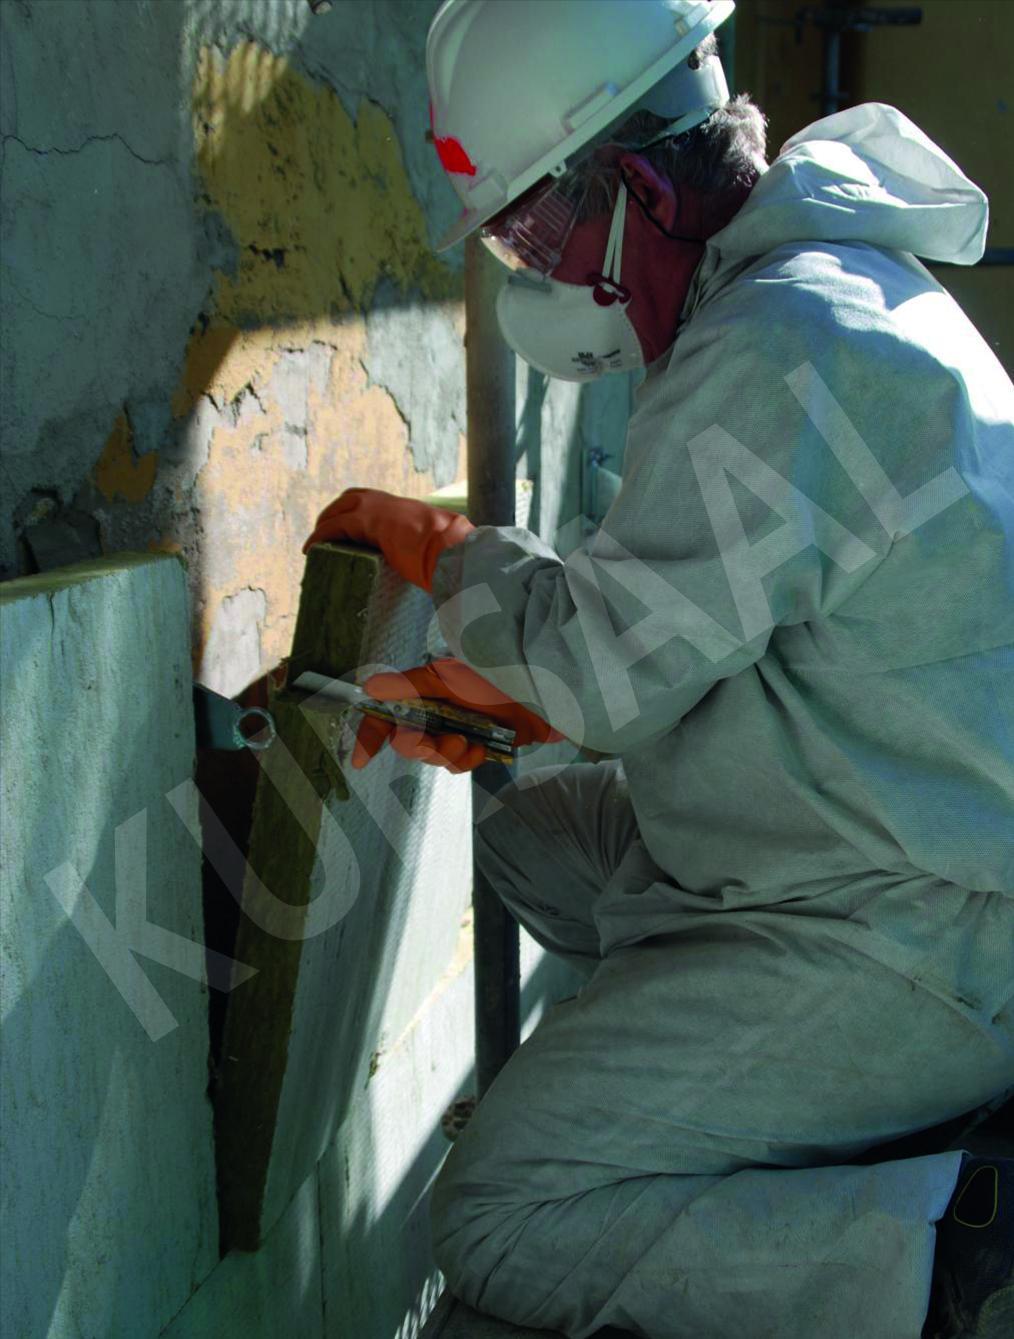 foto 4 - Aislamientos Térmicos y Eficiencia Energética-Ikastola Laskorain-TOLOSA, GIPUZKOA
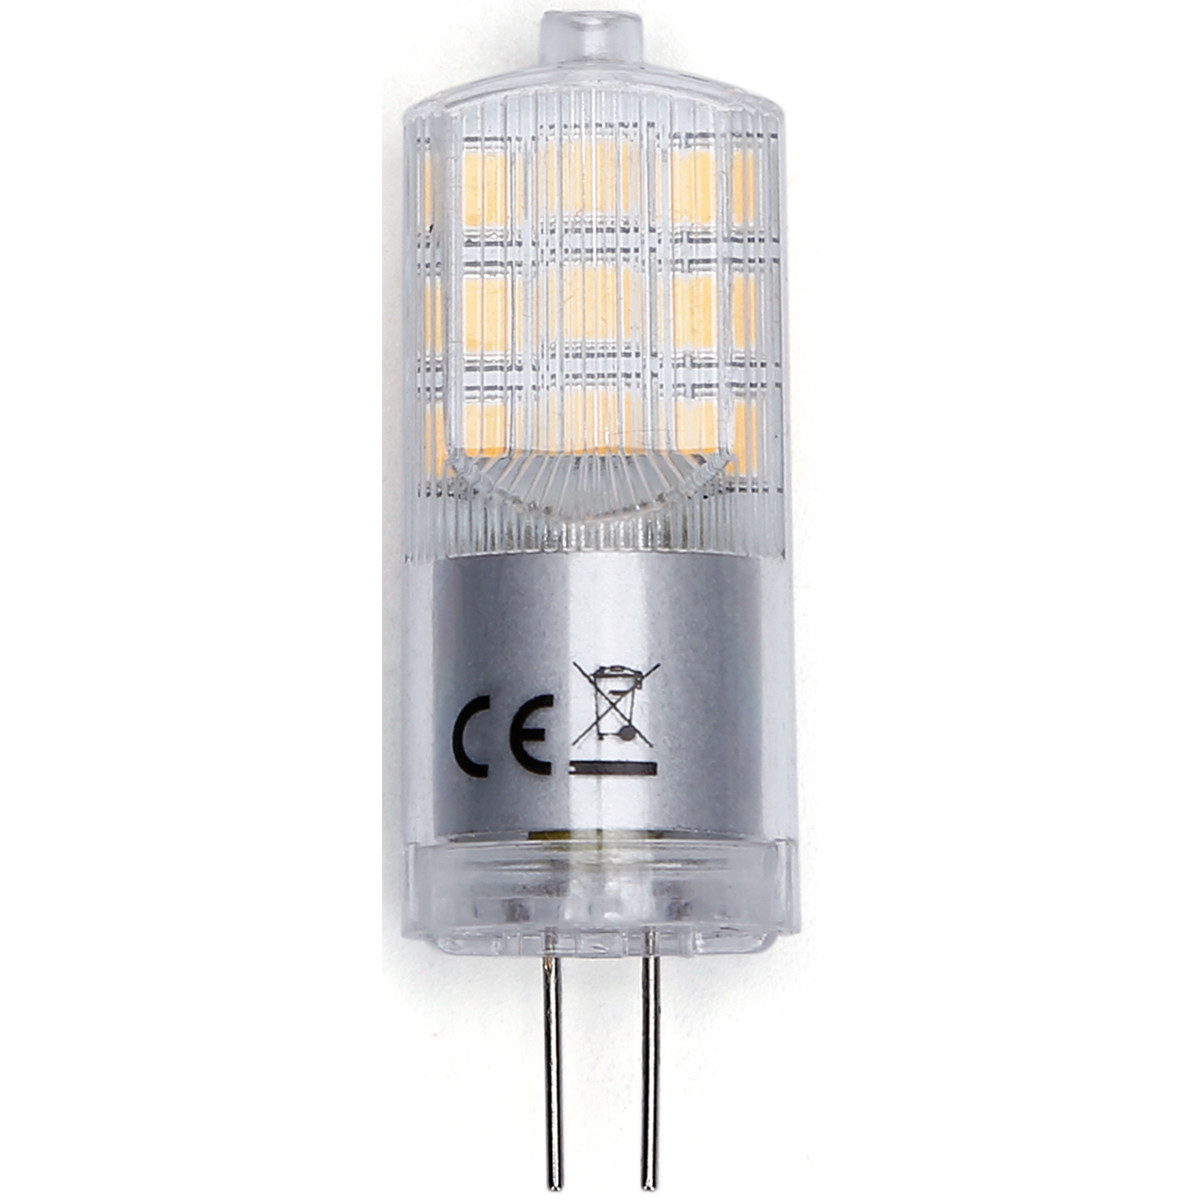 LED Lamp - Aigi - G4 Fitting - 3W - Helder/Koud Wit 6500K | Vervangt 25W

***

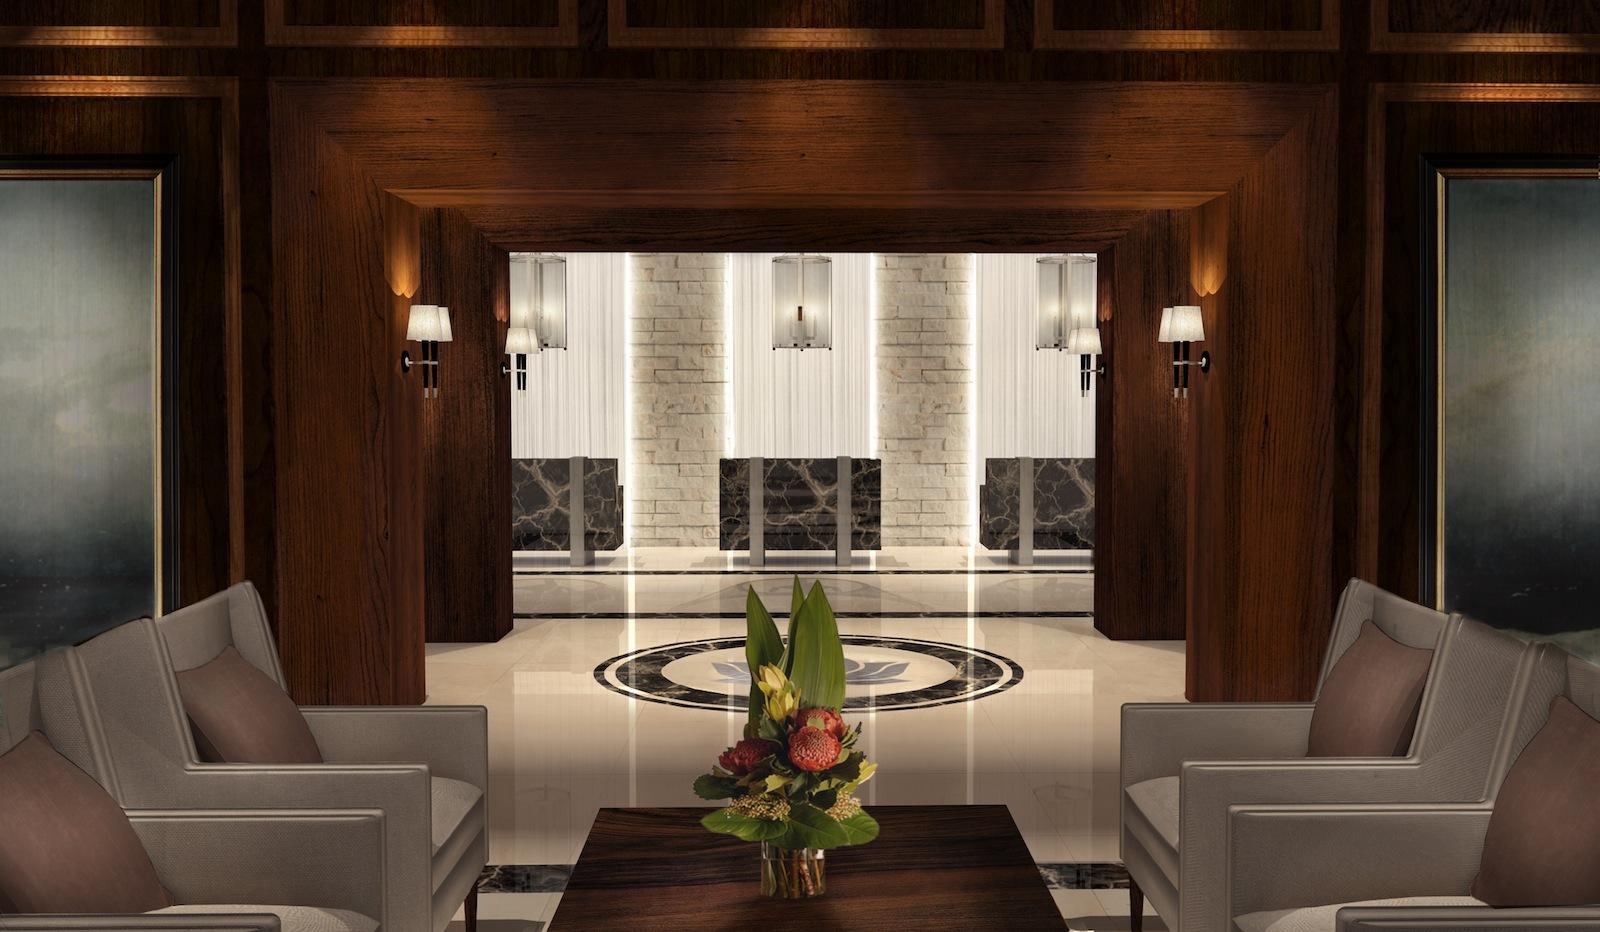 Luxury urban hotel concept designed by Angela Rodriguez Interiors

***

Look above for the line with "foto 4 - Aislamientos" and the line with "LED Lamp - Aigi", then copy them and all lines in between exactly as written, and only those, without any pictures.

 foto 4 - Aislamientos Térmicos y Eficiencia Energética-Ikastola Laskorain-TOLOSA, GIPUZKOA
 LED Lamp - Aigi - G4 Fitting - 3W - Helder/Koud Wit 6500K | Vervangt 25W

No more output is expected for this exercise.